- Aunty Green Hotel
- U.S. National Register of Historic Places
- Location: 602 Washington St. Bonaparte, Iowa
- Coordinates: 40°41′55″N 91°48′06″W﻿ / ﻿40.69861°N 91.80167°W
- Area: less than one acre
- Built: 1844
- NRHP reference No.: 78001265
- Added to NRHP: January 20, 1978

= Aunty Green Hotel =

Aunty Green Hotel is a historic building located in Bonaparte, Iowa, United States. The hotel was built by John Green in 1844. His wife Mary continued to operate the hotel for many years after his death, and that is what gave the business its name. It was the second hotel established in town, and it is believed to be the first brick building constructed in Bonaparte. Other businesses that have been housed in this building include a photography studio, doctor's offices, the first local telephone exchange, a creamery and a gas station. The Van Buren County Historical Association rescued the structure from demolition. It is currently owned by the Bonaparte Historical Society and houses the Auntie Green Museum and the public library.

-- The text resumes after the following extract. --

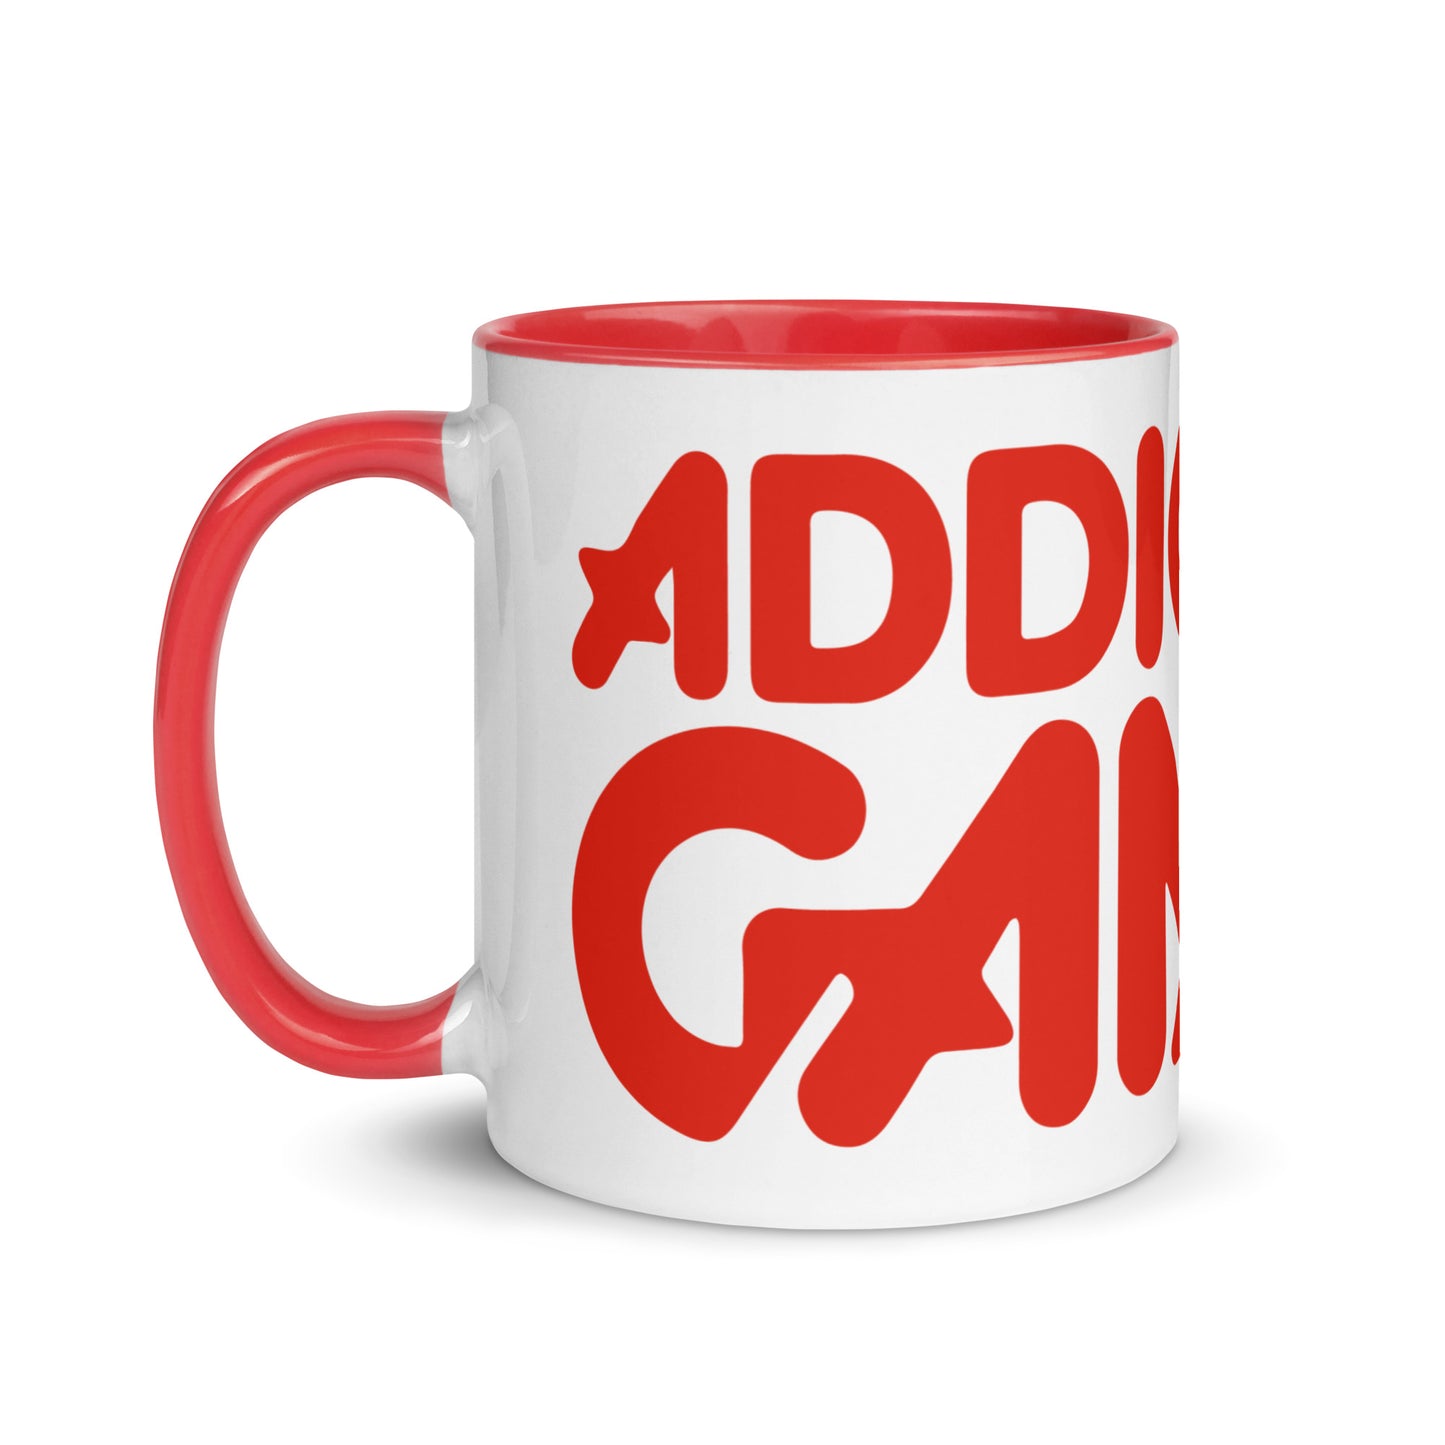 AG logo mug with red interior

The hotel portion of the building is two-story brick structure with a gable roof with a two-story wooden porch along the street. There is a gate in the railing where luggage from stage coaches was unloaded and brought directly to the guest rooms on the second floor. There is a one-story structure with a gable roof attached to the rear of the building. It is believed to have been the residence for the hotel proprietor, and possibly built at slightly a later date. It was listed on the National Register of Historic Places in 1978.